28 May 2021

The Tale of Two Fr. Jameses

Fr Longenecker contrasts the treatment of Fr James Altman with that of the 'dissident' Fr James Martin, SJ. One's Bishop demands his resignation, the other is lauded, lionised, and gets a private audience with the Pope.

From Crisis

By Fr Dwight Longenecker

With the news that conservative priest Fr. James Altman has been asked by his bishop to resign, one is faced with the contrast between Fr. James Altman and another controversial priest, Fr. James Martin, SJ.

Both priests have somewhat of a prophetic voice in the Church—Fr. Altman from the conservative side and Fr. Martin from the liberal. Fr. Altman castigates Catholics who voted for Joe Biden. Fr. Martin openly supported Biden. As such, the two Fr. Jameses are poster boys for the two Catholic Churches in America today. Fr. Altman for the traditional, orthodox, strict version of Catholicism; Fr. Martin for the accommodating, relativistic, and subjective version of Catholicism. Fr. Altman: doctrinal. Fr. Martin: pastoral. Fr. Altman: Rational. Fr. Martin: Sentimental.

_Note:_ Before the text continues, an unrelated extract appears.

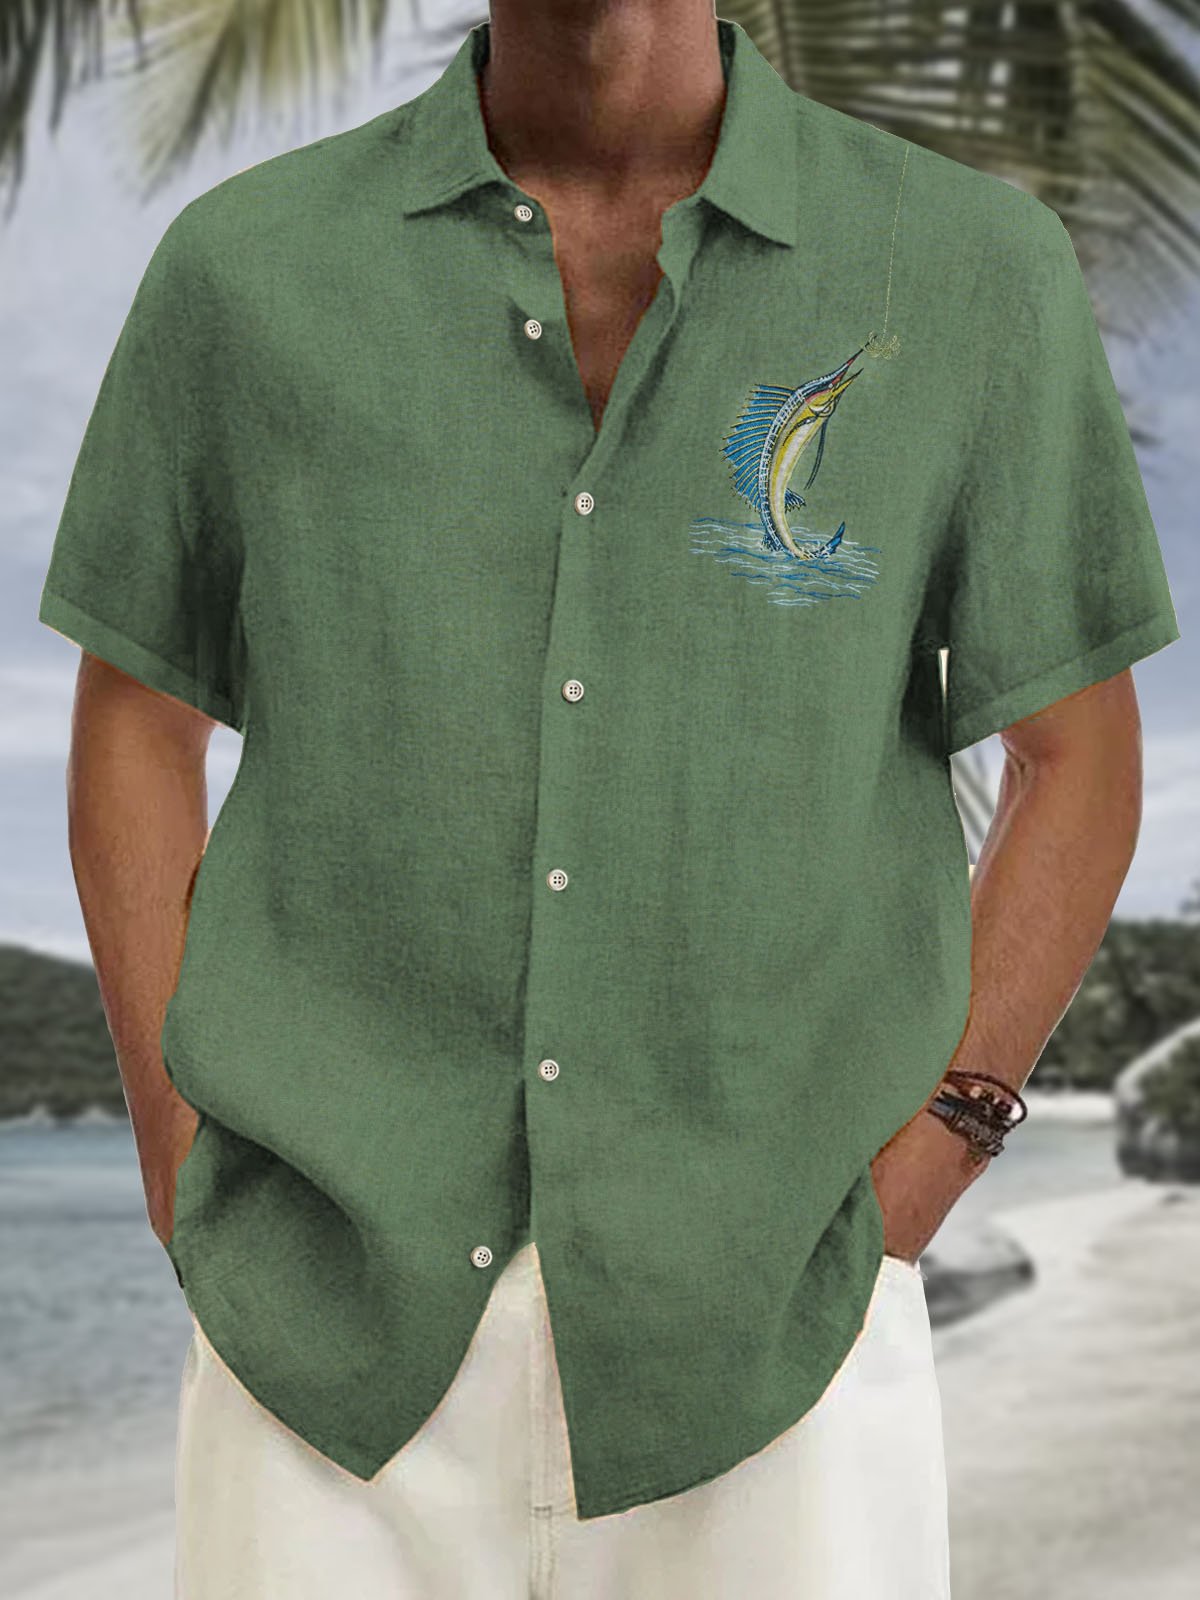  Tropical Ocean Men's Hawaiian Shirts FishTree Coconut Tree Art Oversized Cotton Linen Camp Shirts

It is interesting that both priests see themselves as standing up for the true faith and see themselves as speaking truth to power. Fr. Martin campaigns against institutional homophobia and laments the Church’s teaching on homosexuality. Fr. Altman campaigns against a Catholic hierarchy that is in bed with the abortion-loving Democratic Party.

In such situations it is all too easy for folks on one side or the other to throw the “H” words around. The enemy is branded as either a hypocrite, a heretic, or both.

Therefore, it is worth examining the two priests and looking at how they have been treated.

Fr. James Martin is on record for supporting the pro-LGBTQ New Ways Ministry, which has been disciplined by the Church for promoting teachings that are contrary to the Catholic faith. He has lauded the dissident nun Sister Gramick—calling her a saint. In many manipulative and devious ways, he has used his media platform to promote the blessing of same-sex unions and to encourage homosexuality.

It would seem that Fr. Martin’s sort of “prophetic voice” is beloved of the contemporary Catholic hierarchy. Fr. Martin will not be disciplined in any way. He will not be asked to step down from his prestigious editorship, forsake his celebrity New York lifestyle, or step away from his huge social media pulpit. Instead, he is celebrated and appointed as a communications guru to the Vatican and invited to a personal tête-à-tête with the pope.

Fr. Altman, on the other hand, has fearlessly upheld the traditional Catholic faith and has never come close to preaching anything contrary to the Gospel. His sin? To be “divisive.” Why, may I ask, has no one suggested that New Ways Ministry and Fr. Martin (who have scandalized thousands of Catholics) are divisive?

In addition to questions of content, one might also consider the question of style. Fr. Martin has mastered a sweet and congenial style. Fr. Altman is more confrontational. Which style is most like the Gospel both priests claim to preach? Fr. Martin typifies Jesus the gentle teacher—the pantywaist Jesus with a weak smile and a limp wrist. Fr. Altman, on the other hand, sounds more like the Jesus who called the Pharisees “sons of Satan and whitewashed tombs.” Fr. Martin’s style is “all we are asking is give peace a chance.” Fr. Altman’s is “I have not come to bring peace but a sword.”

The clash between the two churches in America today is reminiscent of the Jansenist-Jesuit conflict in eighteenth-century France. As the faith was under attack from both Protestantism and the Enlightenment, French Catholics fought back with a kind of Catholic Calvinism called Jansenism. Meanwhile, the Jesuits offered an accommodating vision—trying to meet people where they were and adapt the faith to their needs and beliefs.

In his book Rethinking the Enlightenment, historian Joseph Stuart analyzes these two responses—austere resistance fighting and worldly accommodation—and says down through history a third way has been the most positive and fruitful way forward. This is the simple way of radical discipleship…not cursing the dark, but lighting a candle. The answer to the present divide in the Catholic Church typified by the two Fr. Jameses is for ordinary priests and people to eschew the extremes and seek to live radiant, radical, and revolutionary Christianity—doing what they can with what they have where they are.

This is the vision I have set out in my upcoming book, Beheading Hydra—A Radical Plan for Christians in an Atheistic Age. Ironically, this way actually fulfills the desire to fight and the desire to accommodate because the radical Christian life conquers the lies and deceit of the devil while also affirming what is beautiful, good, and true in our society.